Couchbase açık kaynaklı bir yazılım. Koduna hatta geliştiriciler github üzerinden de erişebilirler. Şu anda iki versiyon var. Biz, iş ölçeğine göre bizi kullanmak herkese aynı şeyi söylüyoruz. Adı üstünde Community Edition desteğini Couchbase topluluğundan alan, ücretsiz olarak rahatlıkla kullanılabilecek, tabii ki bazı limitasyonları var lisans anlaşmaları gereğince ama indirip kullanabilecekleri bir veri platformu. Onun yanı sıra iş biraz daha ciddileştiğinde, business critical uygulamalar devreye girdiğinde test ve geliştirme süreçlerini ayrıca kurumsal olarak bizim yönettiğimiz Enterprise Edition var. Enterprise Edition da yine aynı kod temeline dayansa da yetenekleri ve ölçeklenebilme özellikleri çok daha güçlü. Onu söylememde fayda var. Tabii ki artık başka bir şeyden de bahsediyoruz. Capella ve bulut bilişimden bahsediyoruz. Özellikle Enterprise Edition’da edindiğimiz, on-prem dediğimiz işte müşterilerin kendi veri merkezlerindeki deneyimlerden, bu süreçlerin optimize edilmesinden edindiğimiz deneyimleri de bulut bilişime taşıdık. Şu anda pek çok bulut üreticisi şirketle iş ortaklığımız var. Bunlar arasında AWS, Microsoft ve Google Cloud da yer alıyor. Kullanıcılarımız bunlardan herhangi birisiyle birlikte de bizimle çalışmaya başlayabilirler. Peki biz ne sunuyoruz? Her şeyden önce çok kolay geliştirilebilen bir esneklik sunuyoruz. Bunu ilişkisel veritabanıyla şöyle karşılaştırmak mümkün. Onunla ilgili ürün geliştirme süreçleri alışık olduğumuz, bildiğimiz, eskiden gelen metodolojileri içerse de belirli esneklikleri zaman içerisinde yapmak çok kolay değildir. Esnek şema dediğimiz özellik bizim için çok kritik. İstenildiği zaman uygulamadaki gelişmeyi veri platformuna yansıtmak Couchbase’de mümkün. Çok kritik bir başka konu ise, zaten hep altını çizdiğimiz nokta olan operasyonel maliyetlerin düşürülmesi ki bunun içerisinde eğitim maliyetleri ve adaptasyon maliyetleri çok büyük bir kalemdir. Biz size tamamen ilişkisel veri platformunda kullandığımız SQL dilinin aynısını sunabiliyoruz. Doğal olarak böyle bir öğrenim eğrisinin çok çok az olması da kurumların ciddi anlamda faydalandığı özelliklerden.

 

Couchbase, kurumsal işletmelerin finans sektöründeki dijital dönüşümlerini hızlandırmalarına nasıl yardımcı oluyor?

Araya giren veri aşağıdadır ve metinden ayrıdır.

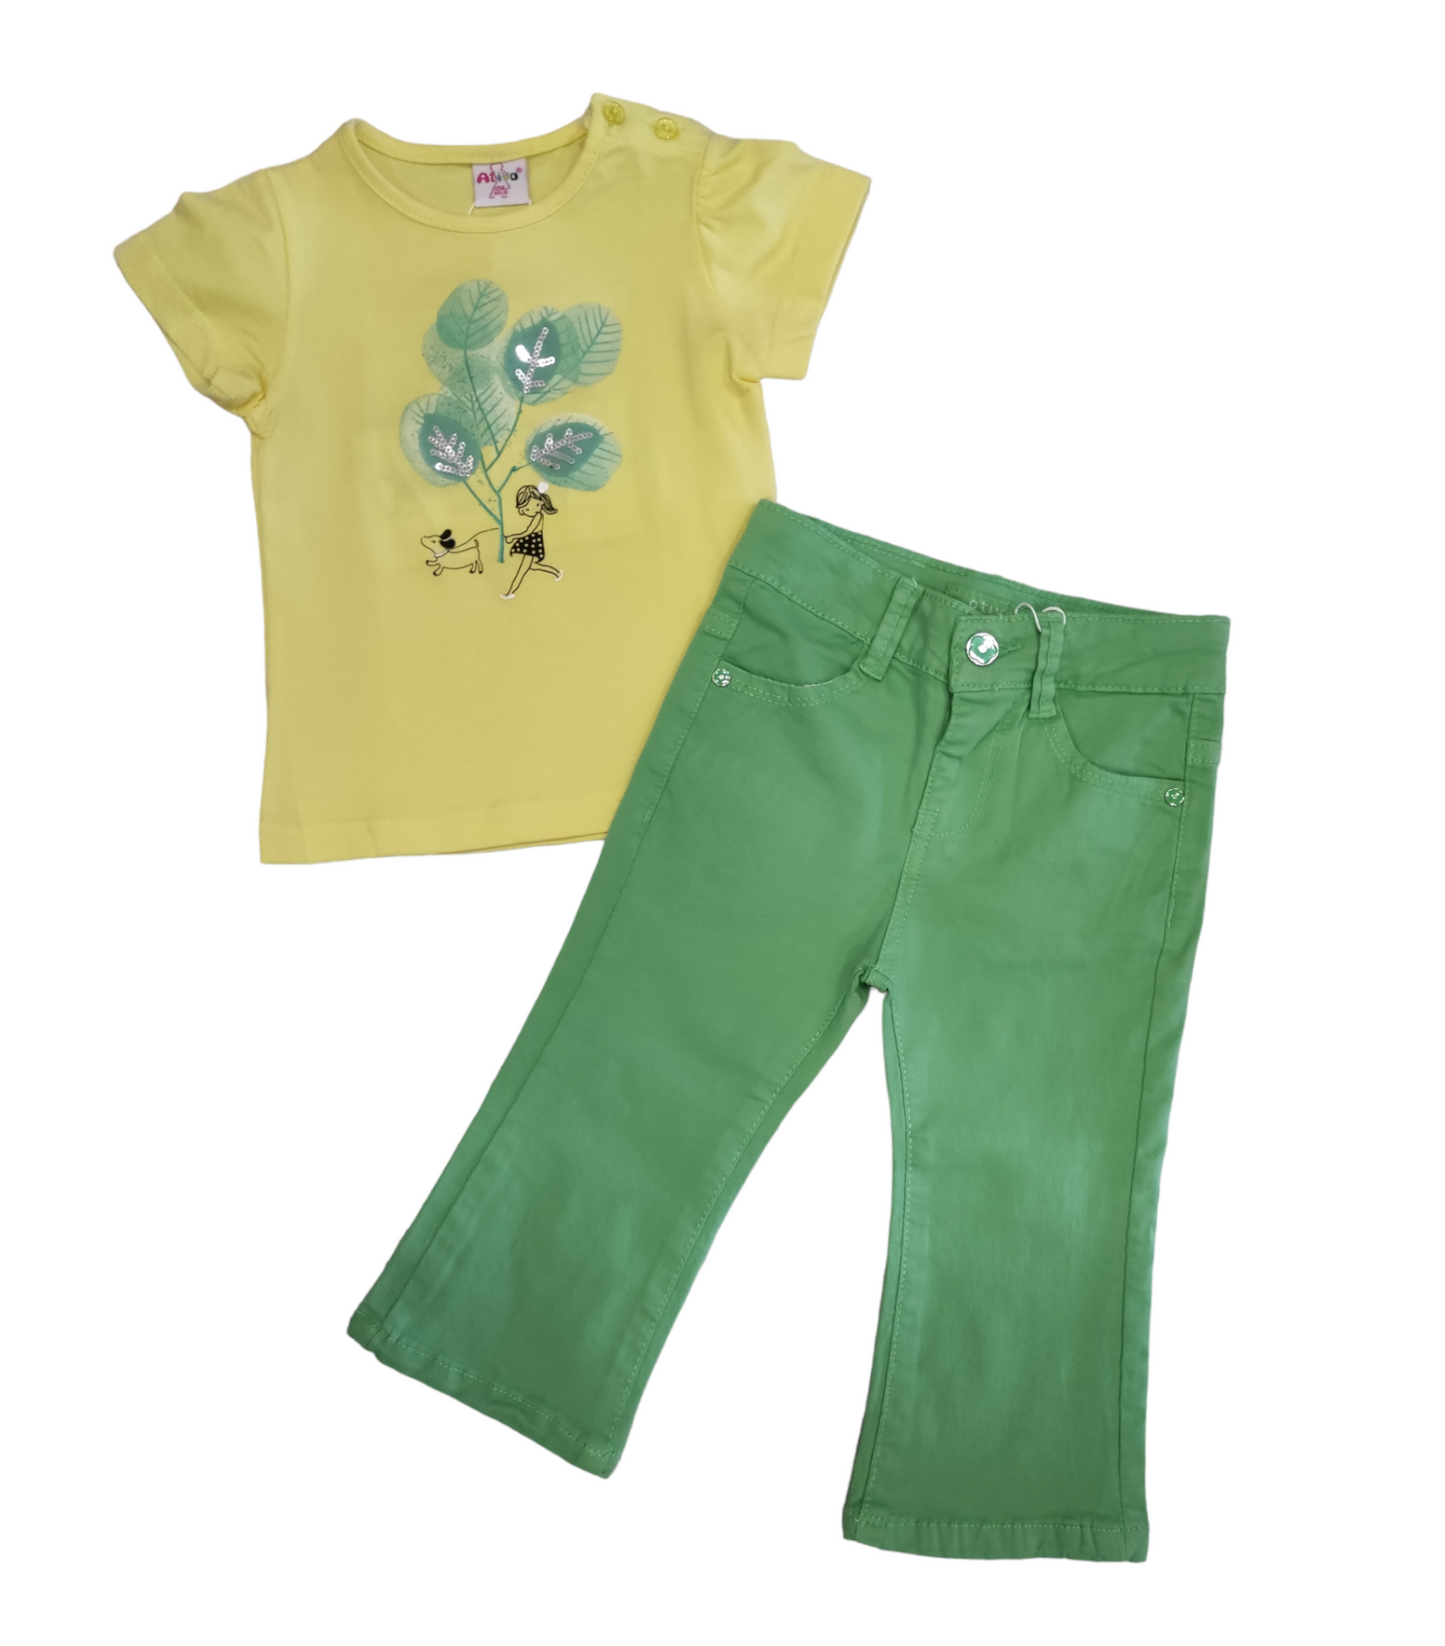 Jeans a Zampa Primaverile in Cotone Elasticizzato Colorato Verde Pastello Bambina 6-36 Mesi

Finans alanı Couchbase’in en güçlü olduğu sektörlerden birisi ve globaldeki müşterilerinin yüzde 30’undan fazlası finans sektöründen gelmektedir. Finansın özellikle mainframe offloading gibi, kredi skorlama gibi, daha performans ve hız gerektiren, büyük verilerin döndüğü alanlarda ciddi anlamda müşteriler için fark yaratmaktadır. Türkiye operasyonlarına baktığımızda, finans ciddi anlamda ticari işlemler için relational database’lerin yoğun olarak kullanıldığı bir sektör ve Couchbase’in SQL++ adını verdiğimiz SQL ile hemen hemen bire bir olan dilinin var olması ciddi anlamda bu adaptasyon süreci, ürün geliştirme süreci ve bunun piyasaya çıkma sürecini pozitif etkilemektedir. İçeride var olan bir öğreninin ve yetinin, sıfırdan yeni bir dil öğrenmeksizin aktarılıyor olması da finans alanında kritik olan dijital dönüşüm sürecini daha minimize etmektedir. Bu süreci onlar için daha yönetilebilir kılmaktadır.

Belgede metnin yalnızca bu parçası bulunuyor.